2.1. Data Collection and Study Design

The study population comprised 1780 patients who had been admitted for ischemic or hemorrhagic stroke to a tertiary care hospital, each of whom had completed an anxiety or depression screening assessment within 7–37 days from the time of stroke. The time window facilitated the inclusion of patients who had been stabilized after acute stroke management, and it was consistent with the 30-day window of prediction in the literature for identifying PSAMO during stroke recovery [27,28,29,30]. Baseline characteristics, including demographics, social information (e.g., occupation, educational level, etc.), quality of life scores, stroke-related information, medical history and comorbidities, medication history, and history of psychiatric conditions and interventions, were collected that constituted potential features to be input into the model (see Table S1). Patients who died before 37 days were excluded.

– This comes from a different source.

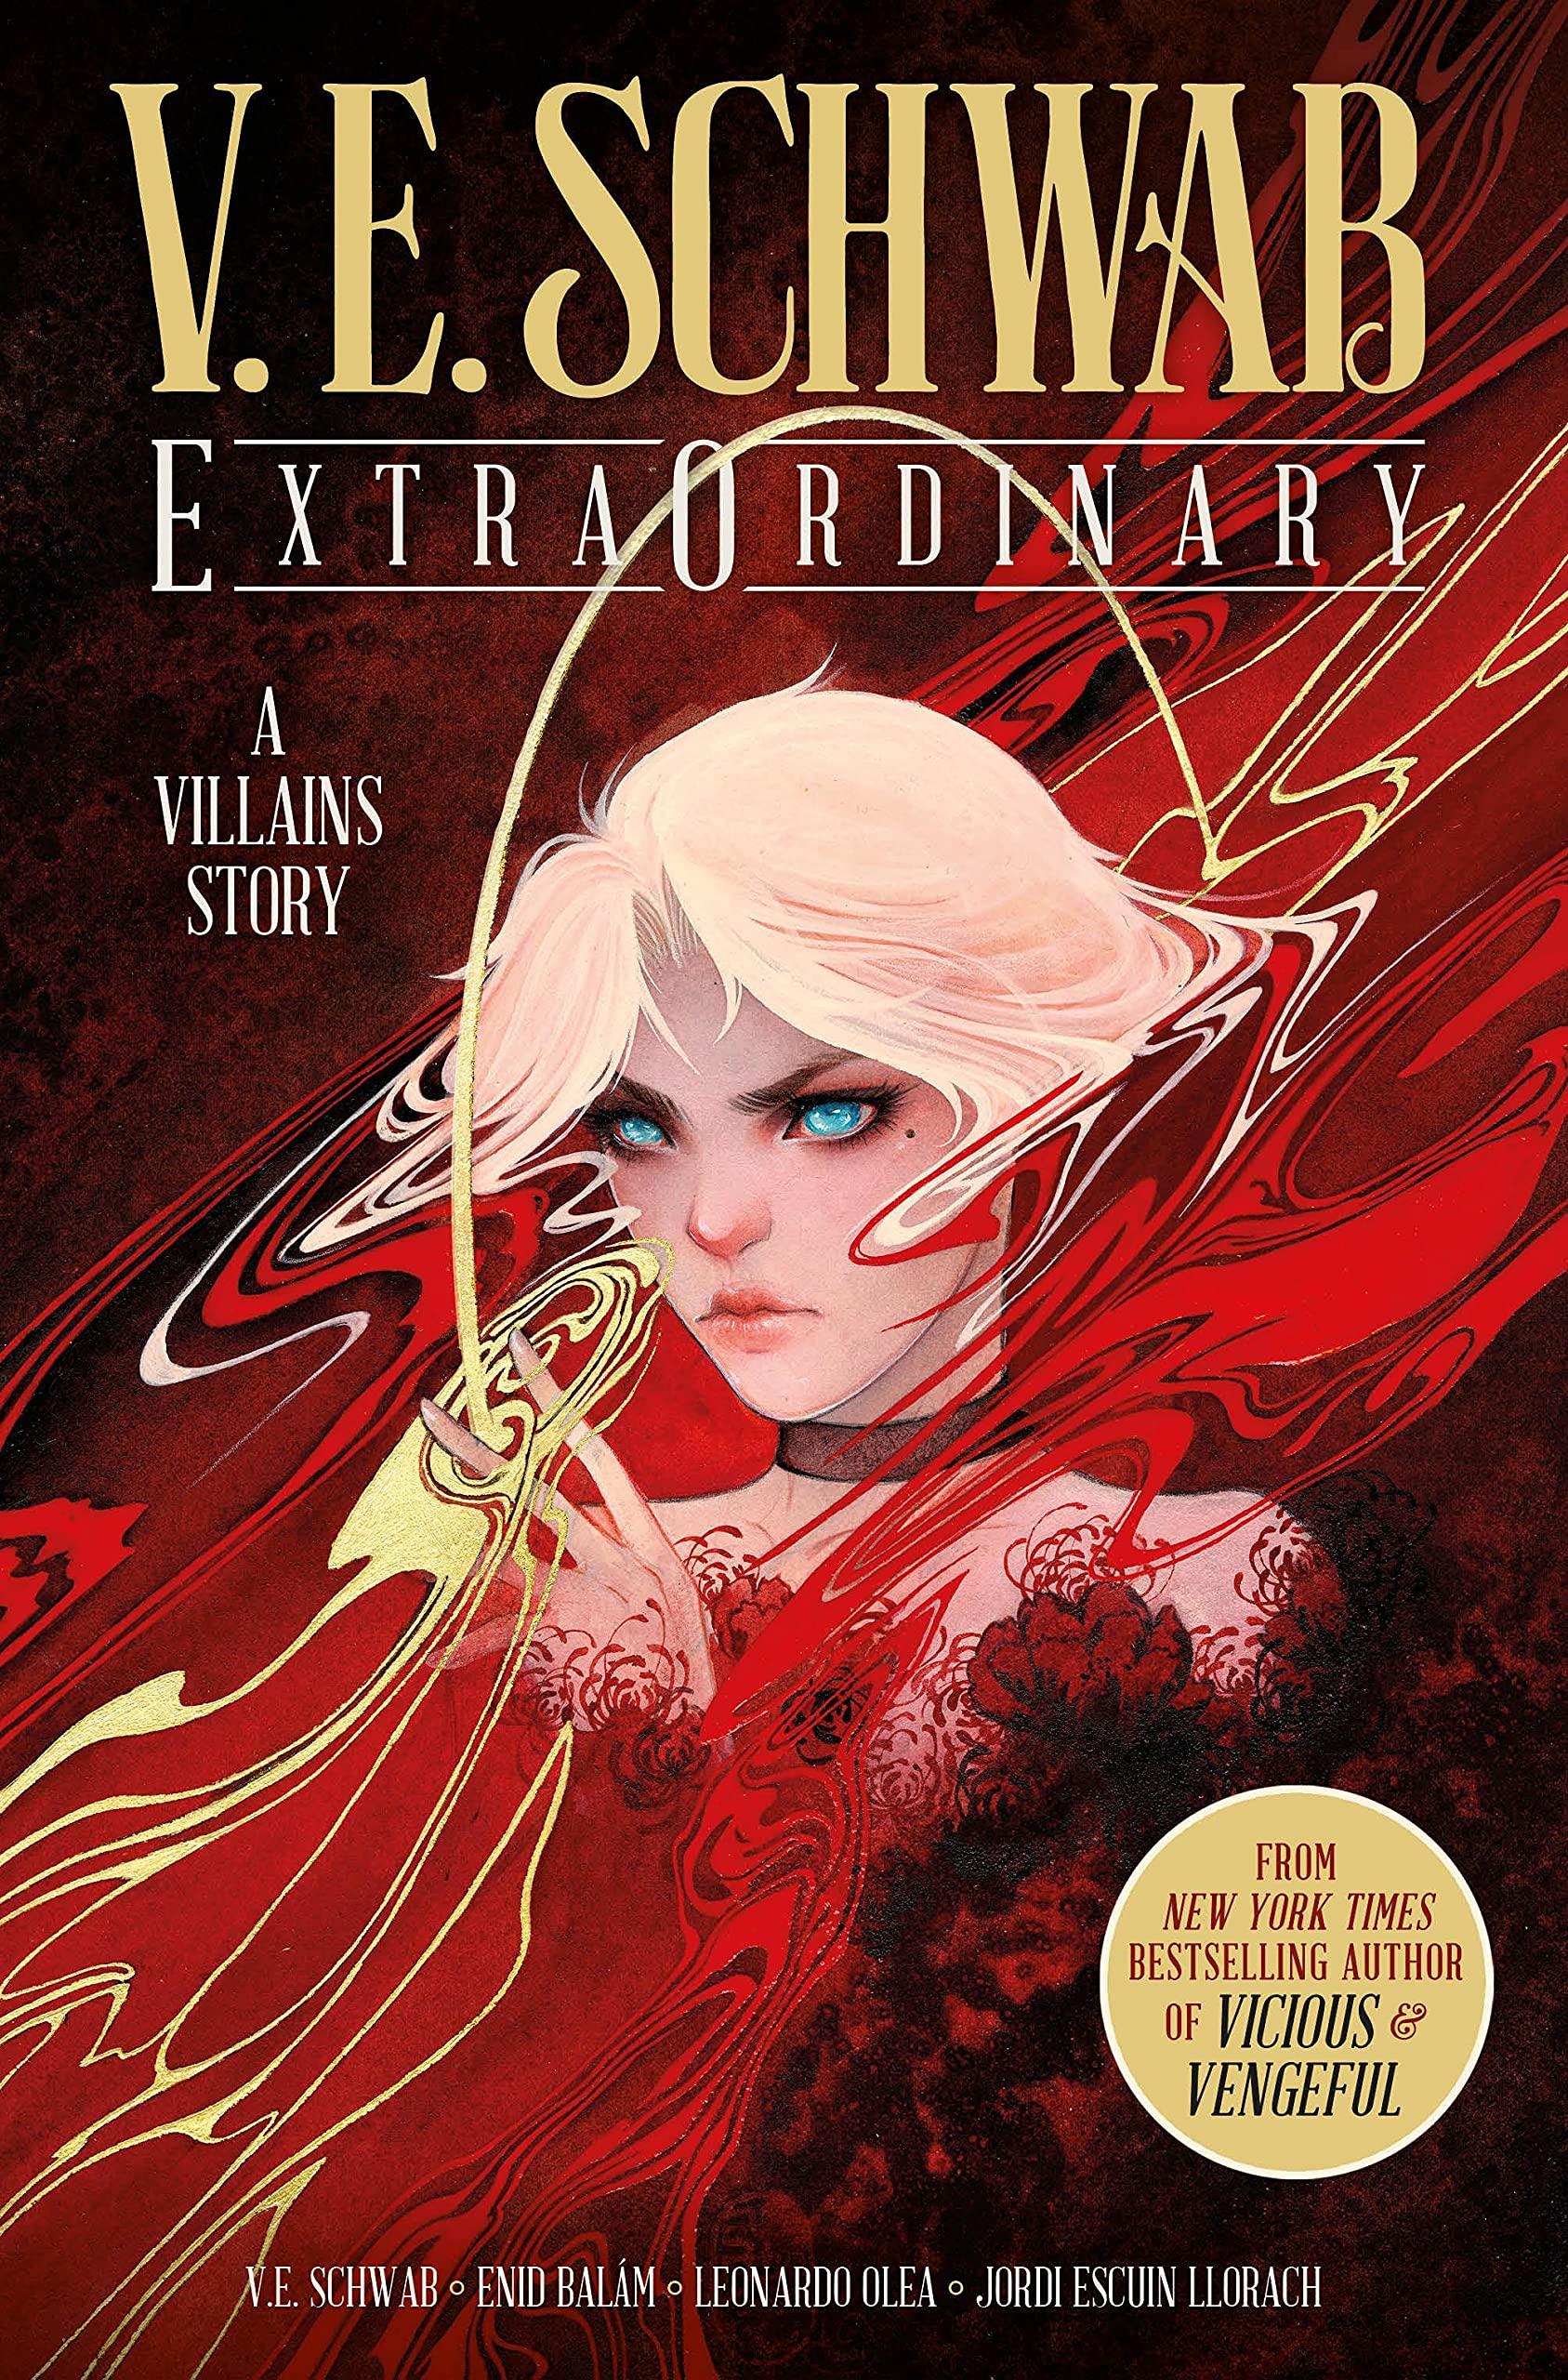 ExtraOrdinary: V.E. Schwab: Amazon.co.uk: Enid Balam, V.E. Schwab:  9781785865886: Books

The retrospective analysis of the data had been approved by the hospital ethics review board. A summarized workflow of the proposed model can be found below (Figure 1).

2.2. Identification of PSAMO

We used the Hospital Anxiety and Depression Scale (HADS) [31] and the Patient Health Questionnaire (PHQ) [32] to diagnose PSA, PSD, and PSAMO among our study participants. HADS is a fourteen-item questionnaire; anxiety and depression have seven items each, with each item scored from 0 to 3. PSA and PSD were diagnosed based on scores of 7 or greater on the HADS-anxiety and HADS-depression scales, respectively (82% sensitivity and 78% specificity [33]), and PSAMO was diagnosed based on scores of 10 or greater on the HADS-total scale [34]. The PHQ has two versions. PHQ-9 is a nine-item questionnaire with a score range from 0 to 27; a score of 8 or greater indicated PSD [32] (88% sensitivity and 86% specificity for major depression [35]). PHQ-2 is an abbreviated version containing only the first two items of PHQ-9 [36]; a score of 3 or greater denoted PSD (83% sensitivity and 92% specificity for major depression [36]). In the presence of the abovementioned scenarios, the stroke patient was defined as having PSAMO; and in the absence, no PSAMO.

2.3. Statistical Analysis

Features with continuous values were first tested for normality using the Shapiro–Wilk test. If the distribution was normal, the Student’s t-test was employed to test for significance between the PSAMO and no PSAMO groups. The values were reported as mean ± standard deviation. If the distribution was non-normal, the Mann–Whitney U test was employed to compare the groups and their values were reported as medians (interquartile range). Categorical features were tested for significance using a chi-square test and were reported as counts (n) and percentages (%). The results of the statistical analysis helped to provide a preliminary understanding of the data collected between the 2 cohorts (PSAMO and no PSAMO).

2.4. Data Preprocessing and Engineering

Due to the retrospective nature of our study, features with more than 25% missing data were excluded from modeling. Missing data in the remaining features were assumed to be missing at random and were imputed using multiple imputation-chained equations [37]. For training, the test data split was 70:30. The training set was used to train and validate the model using 10-fold cross-validation; the test set was set aside as unseen data to be used to evaluate model performance after model development. For the training set, continuous features were standardized, and the calculated mean and standard deviation were applied to and transformed on the test set. Categorical features were also one-hot encoded, with similar treatments on both the training and test sets. After preprocessing the dataset, 46 features were obtained that were used for modeling. The list of features is found in Table S1.

2.5. Model Development

Figure 2 is the flow diagram of the steps taken for model development.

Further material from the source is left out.